Med Ed Labs denied having committed any infraction, saying that Saunderes authorized the donation of the corpse.

In a statement posted on Friday, the lab said it “didn’t know people would pay to attend an event including one of our donors.”

The company said the person who performed the dissection was a “certified anatomist”, which it described as a former professor at the University of Montana who reportedly handled the remains with “all respect” and answered questions from members of the public “who described themselves as students, anthropologists and therapists”.

Miller said Death Science promotes educational courses and events for the public in fields such as forensic medicine and anatomy. A similar event had been planned for October 31 in Seattle but had been cancelled. Miller also said that Med Ed Labs and Death Science broke up their partnership.

On Thursday afternoon, Miller said his own involvement in Death Science was over.

He said Oddities & Curiosities Expo sold tickets at prices ranging from $100 to $500.

In an email, Oddities & Curiosities Expo did not say if it sold tickets. He claimed that Death Science organized the event, which would not have taken place in one of its own exhibitions. In a separate space, he told Oddities & Curiosities Expo, Death Science was one of the exhibitors “that sold their art.”

Miller said Death Science had no access to any personal documents, including the cadaver donation agreement.

According to him, Med Ed Labs provided the corpse, the instruments and the anatomist who taught the class. She would have booked the space at the Portland hotel and would have known that the audience would not be made up exclusively of medical students.

Obteen Nassiri, manager of Med Ed Labs, said in an interview last week that the organization thought the cadaver would be used for teaching medical students and professionals. He said Death Science contacted the lab saying it needed a cadaver “to teach anatomy to students.”

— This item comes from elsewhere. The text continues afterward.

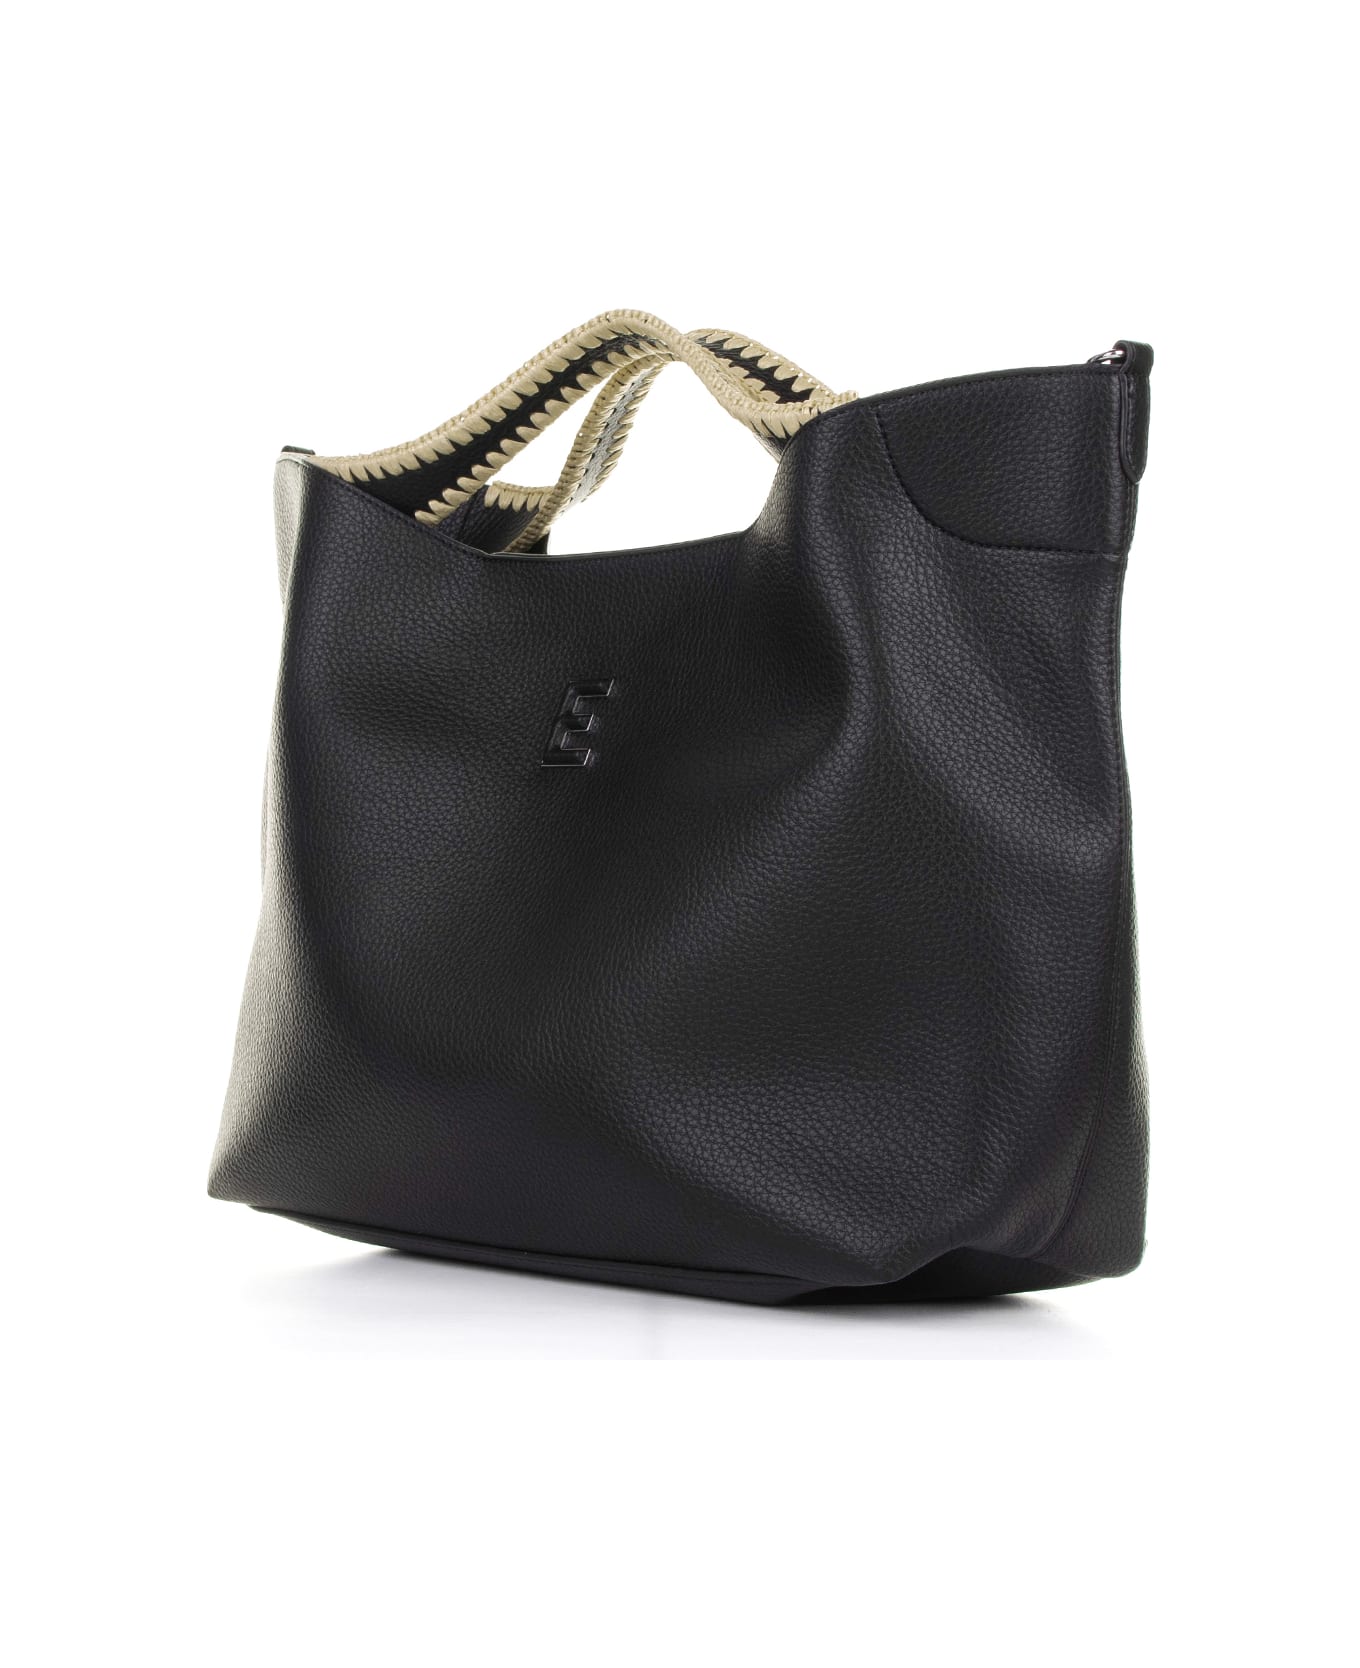 Ermanno Scervino Rachele Large Black Leather Handbag - NERO

“We did some preliminary research and saw that their goal was to teach students the science of death,” he said. “I thought the cadaver would be used for teaching purposes and anatomical dissection.”

Med Ed Labs acquired the corpse from the funeral home in Baton Rouge and shipped it first to Las Vegas and then to Portland.

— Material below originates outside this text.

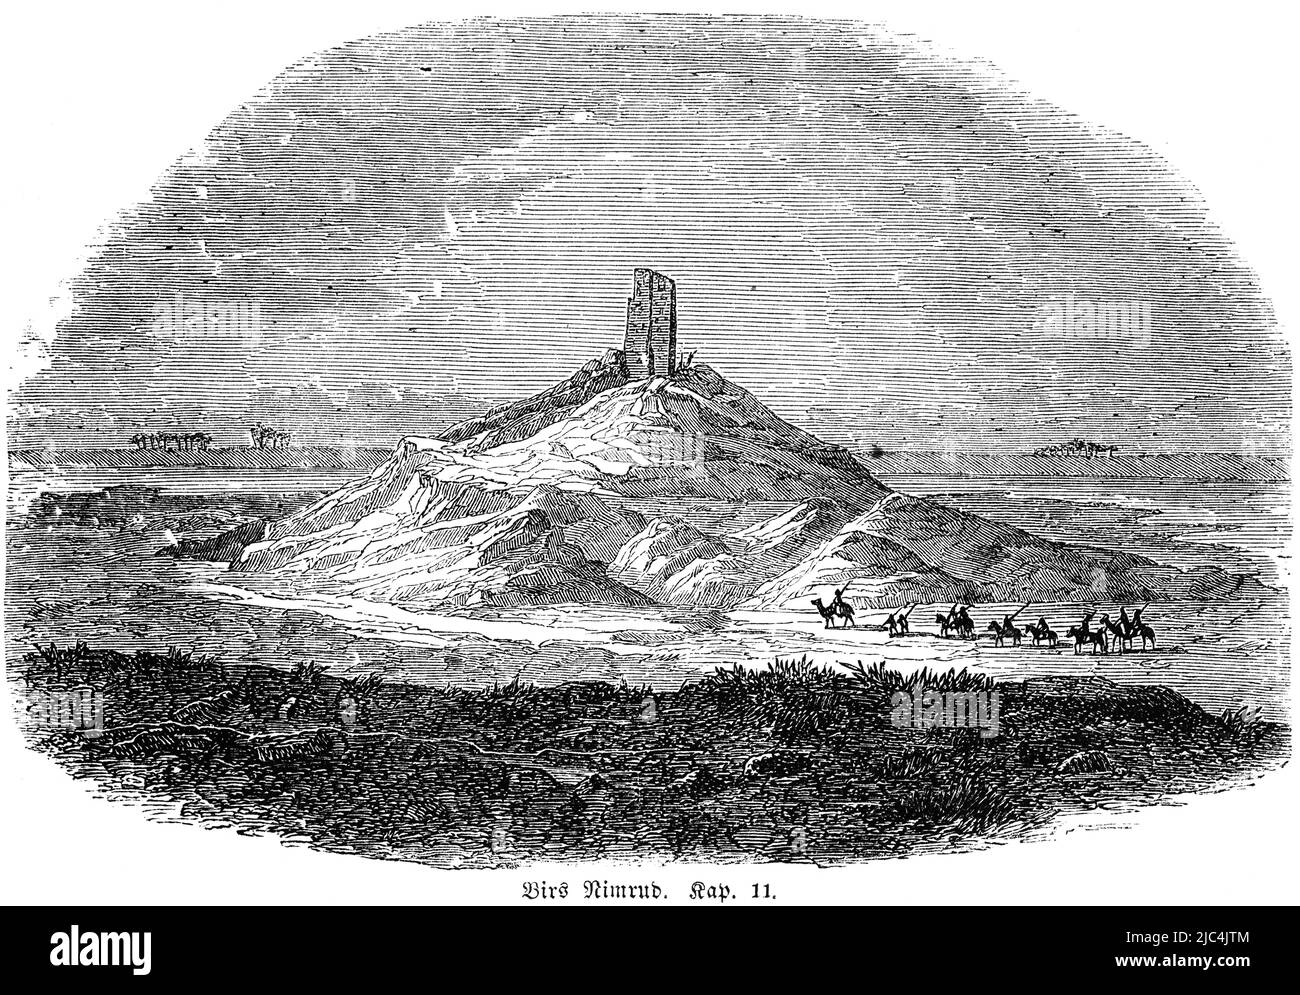 Birs Numrud, ruin, disputed remains Tower of Babylon, hill, spire, tower, caravan, landscape, Babylonia, Borsippa, Mesopotamia, Iraq, Moses, Bible Stock Photo

Nassiri said he spoke with Saunders on Wednesday.

“He was extremely upset because this company acted in our absence and sold tickets for this event to people who were not professionals or medical students,” he said.

Death Science paid about $10,000 for the entire event, Nassiri said, including use of the corpse, transporting it and personnel. The corpse has since been shipped back to Las Vegas, en route to Louisiana. Nassiri said Med Ed Labs will pay for his cremation and an urn.

The news released in Seattle quickly reached national and international media outlets, sparking outrage and recalling past controversies about the handling of human remains in public situations and spaces.

Protesters gathered at the University of Pennsylvania last year to protest anthropologists’ treatment of the bone of a young bombing victim. The bones were shown in a video of an online course: “Real Bones: Adventures in Forensic Anthropology”. In 2015, the University of Edinburgh reportedly divided opinions when it held workshops in which it showed “corpse materials” to the public, according to Carla Valentine, curator of the University of London’s Museum of Pathology.

A decade earlier, when the “Bodies” exhibition opened in New York, the company behind it was criticized for using corpses from China. She admitted that she could not prove that the bodies were not of prisoners who had possibly been tortured or executed.

Rina Knoeff, a professor at the University of Groningen in the Netherlands and a scholar of the history of medicine, said that public dissection as entertainment dates back at least to the Renaissance.

“I think maybe it was due to the same kind of interest that attracted people to watch public executions,” she commented. “Maybe it’s the thrill of sitting and watching someone being cut to pieces.”